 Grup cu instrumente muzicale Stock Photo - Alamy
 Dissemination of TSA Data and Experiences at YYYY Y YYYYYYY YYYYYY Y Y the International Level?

::::::::::

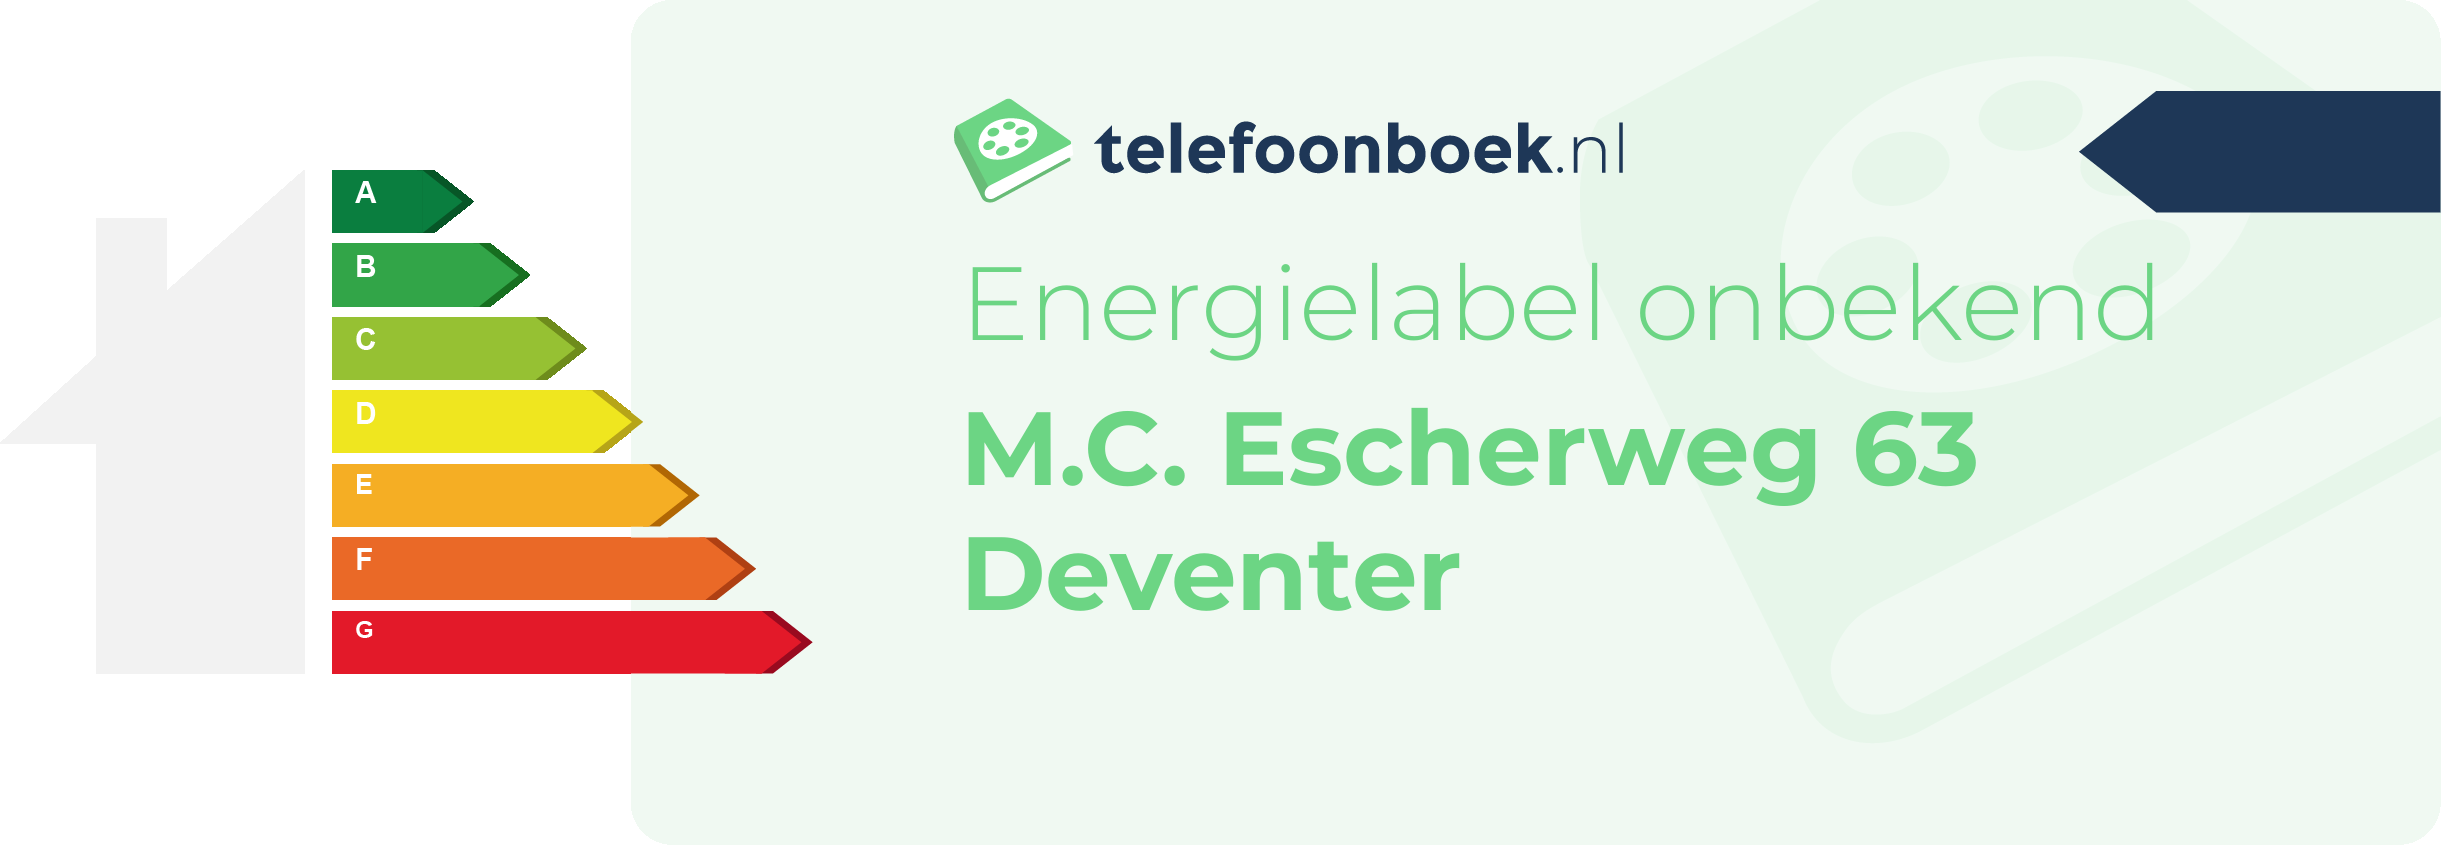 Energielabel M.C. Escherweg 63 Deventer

::::::::::

Exercise:
Copy the entries above exactly, but only from the line holding "Grup cu instrumente" through the line holding "Dissemination of TSA", both included.

Solution:
 Grup cu instrumente muzicale Stock Photo - Alamy
 Dissemination of TSA Data and Experiences at YYYY Y YYYYYYY YYYYYY Y Y the International Level?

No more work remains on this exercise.